7 Types Of People You'll Meet In Malta This Summer
Variety is the spice of life
Ah, summer in Malta – a bittersweet affair if ever there was one. Like Julie and Ludwig’s iconic song, our relationship with the sweltering Maltese summer is a little on again, off again. We love days spent lazying on the beach with a cocktail in one hand and a ftira in the other, but we really hate that huge, noisy family who set up their (messif) tent just a bit too close to our spot. The parties are lit like the church during your village feast, but OH MY GOD SOMEONE’S SWEATY ARM JUST TOUCHED ME. Anyway – let’s cut to the chase and check out the range of specimens you’ll encounter in Malta this summer.
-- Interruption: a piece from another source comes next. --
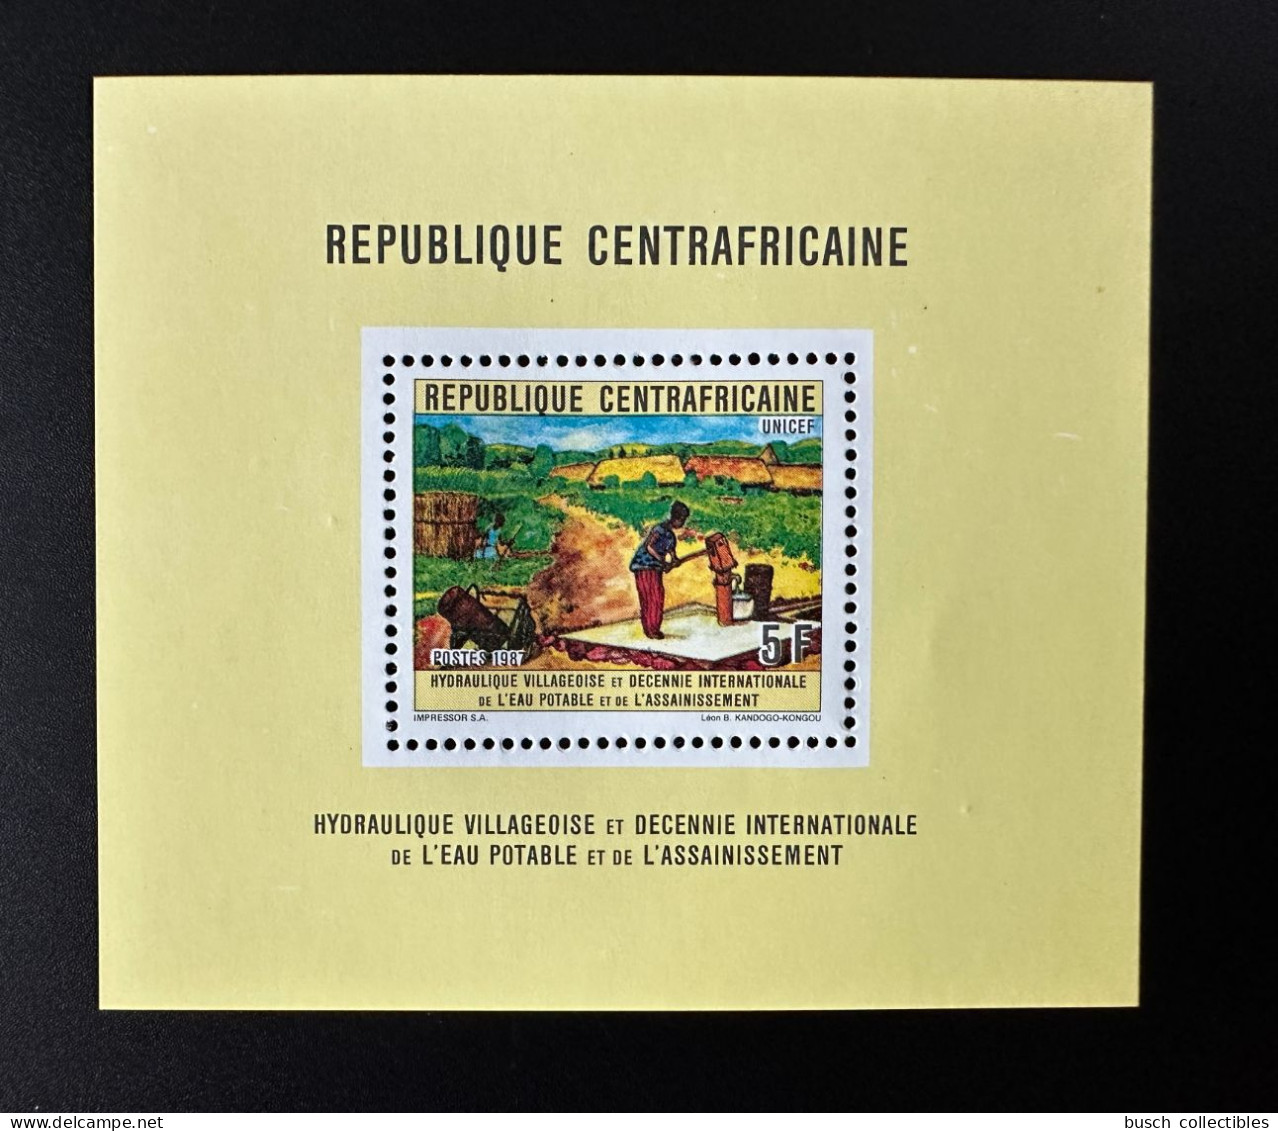 Centrafricaine Central Africa 1987 Mi. 1297 5F Bloc De Luxe Hydraulique Villageoise Décennie Eau Potable Assainissement - UNICEF

1. The Personal Space Prowler
It’s hot. It’s sticky. People who are all up in your business during the winter months become unbearable as the temperatures rise and your patience wears thin. Don’t touch me, don’t hug me, and for the love of pastizzi don’t come within 10 meters of my bubble if you haven’t showered today.
2. The B.O. Bandit
Some people struggle with the concept of personal hygiene. Add 30 degree heat on top of that, and you get the potent aroma of sweat mixed with what seems to be a week of not washing... but fermented. Lovely.
3. The Beach Bunny
These are the ones who seem like they were born to be at the beach – and look damn good doing it, too. Sun burn is a myth to them, and sweat is nothing more than a scary story to tell by the campfire. Oh, and you’ll never see their hair give in to something as silly as 80% humidity.
4. The Vexed Vampire
Why is the sun so hot? And bright? And why is everyone so excited about it? Contrary to popular belief, Mediterranean people aren’t all sun-kissed and eagerly waiting for summer to come. Some of us mostly sit in the shade and pray for winter to come ASAP.
5. The Pink Panther
These poor unfortunate souls don’t tan. At the very most, they can manage a charming pink glow and like to slink from one patch of shade to the next. Be a pal and protect them from the sun if you can.
6. The Speedo Torpedo
Picture this – you’re soaking up some sun with your BFFs, having a laugh and watching the bright blue waves kiss the shore. Suddenly, small children scream and run to their mothers. Dogs howl. Governments crumble. You get the idea. What is it? A speedo roughly three sizes too small and slightly threadbare from years of use.
7. The Maaa Xi Sħanas
We’ve all been one of these at some point. Whether you’re genuinely feeling hot and bothered after being outside for more than a minute or are just trying to fill an awkward silence, the "Maaa xi sħana" (obligatory hand-fanning) has got you covered.
BONUS: The Beachside Brawlers
Just in case anyone out there thought their beaches were more badass than ours. Place your bets.